O psicanalista Alexandre Ribeiro, fundador do bloco, considera Basaglia a maior inspiração para a reforma psiquiátrica no país. O médico italiano foi testemunha dos horrores do Hospital-Colônia de Barbacena (MG), onde mais de 60 mil pessoas pereceram devido a maus-tratos, descrevendo o local como um “campo de concentração nazista”. Inspirados pelo movimento da psiquiatria democrática italiana, liderado por Basaglia, trabalhadores da saúde mental redigiram o Manifesto de Bauru em 1987, instituindo o 18 de Maio como o Dia Nacional da Luta Antimanicomial e difundindo o lema “Por uma sociedade sem manicômios”. Essa crescente mobilização popular pelos direitos humanos e pelo cuidado em liberdade culminou, finalmente, na aprovação da Lei 10.216, em 2001. O desfile do Tá Pirando, Pirado, Pirou! contará com a ilustre presença da bateria da Portela e de dois blocos convidados, o Céu da Fama e o Loucura Suburbana, enriquecendo ainda mais essa celebração da liberdade e da inclusão.

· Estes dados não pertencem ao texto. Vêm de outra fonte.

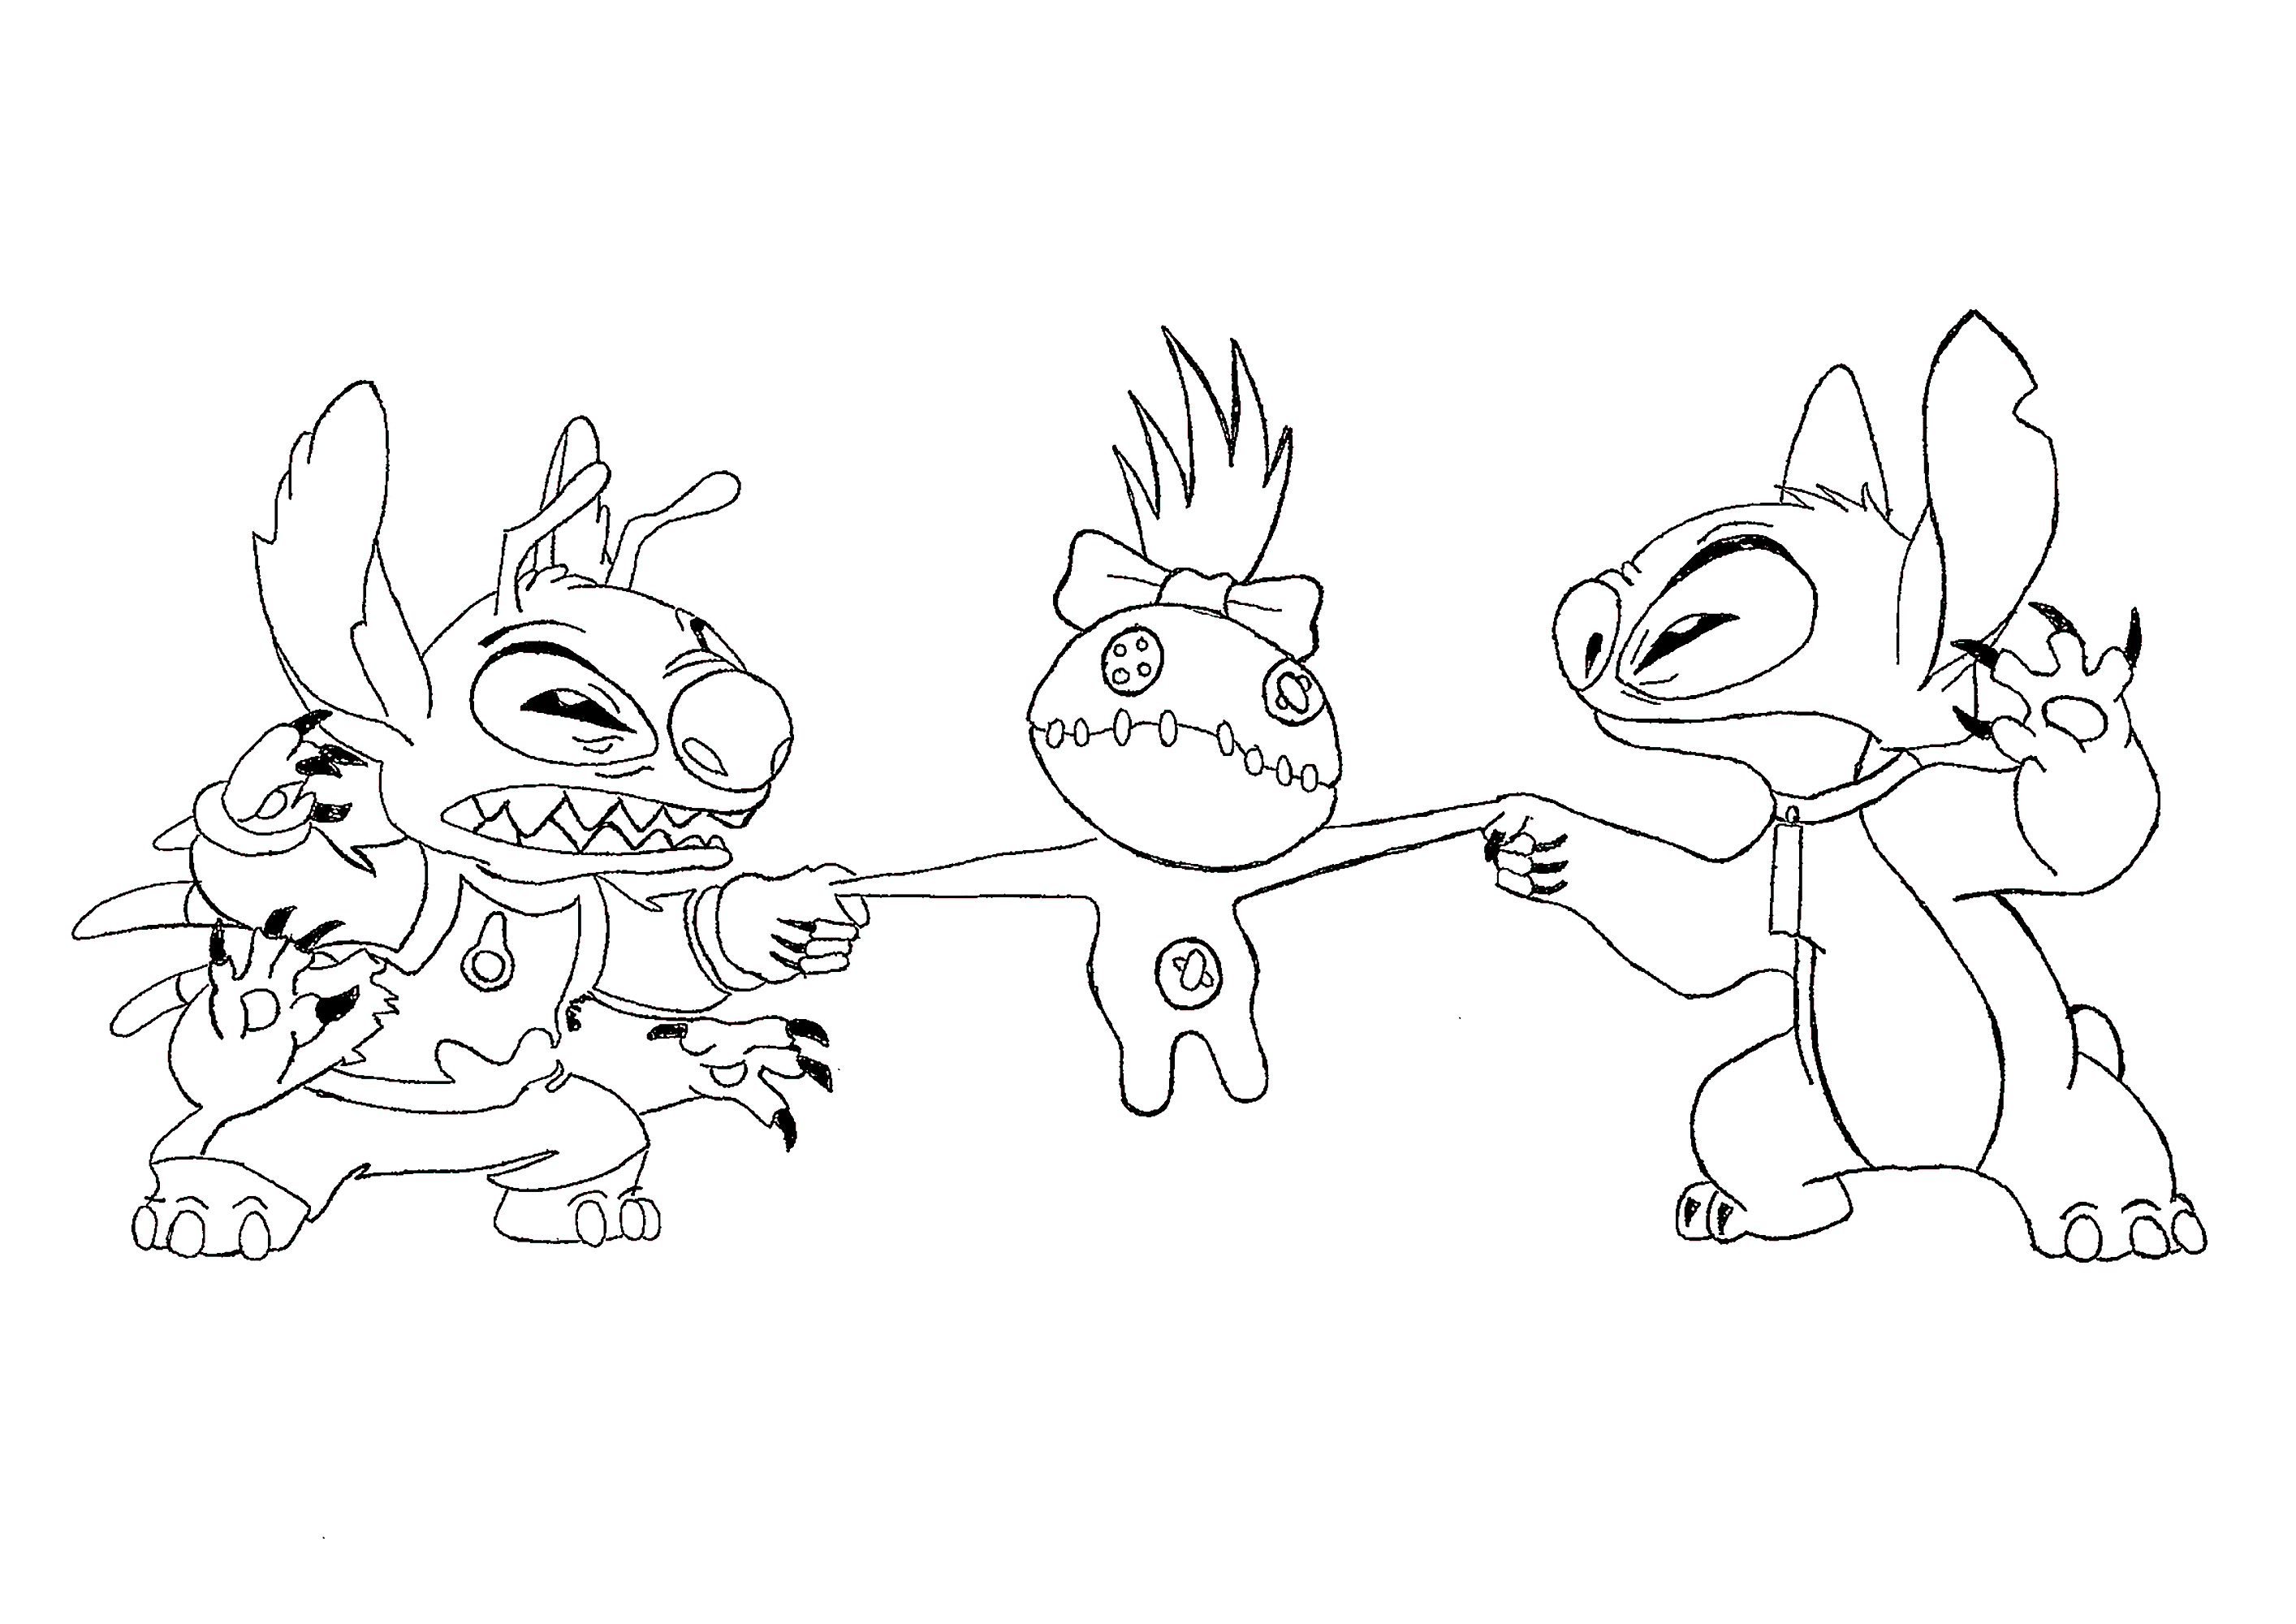 Leroy vs Stitch. (Based on a drawing by Dutchgirl626 on Deviant. Art)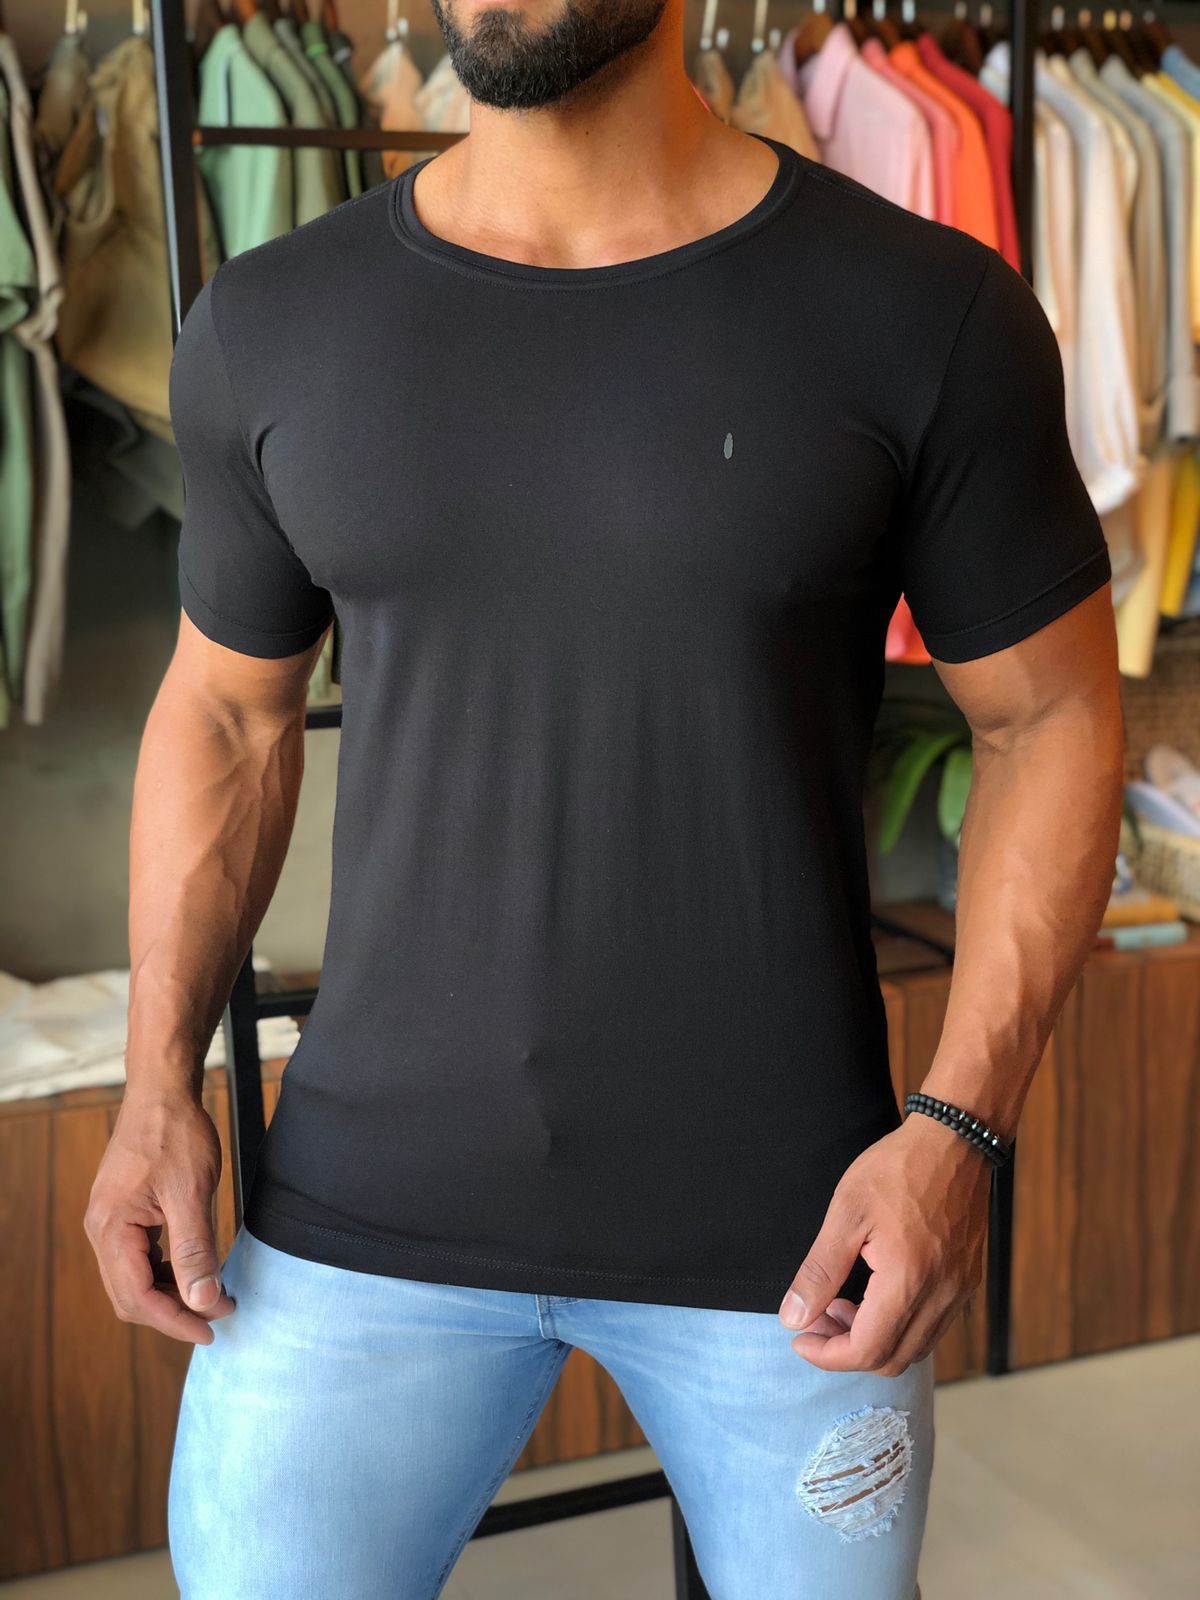 T shirt gola canoa masculina

O Legado dos Blocos: Um Carnaval de Sentido e Transformação

Em suma, os blocos de saúde mental no Rio de Janeiro transcendem a mera diversão carnavalesca. Eles representam um movimento cultural e social poderoso, que reafirma o valor da vida, da dignidade e da inclusão para todos. Ao ocupar as ruas e praças, eles não apenas celebram a alegria, mas também defendem uma causa, transformando o espetáculo da folia em um manifesto contínuo pela reforma psiquiátrica e por uma sociedade mais justa e acolhedora, onde o cuidado em liberdade é a regra, e o estigma cede lugar à compreensão e ao respeito mútuo.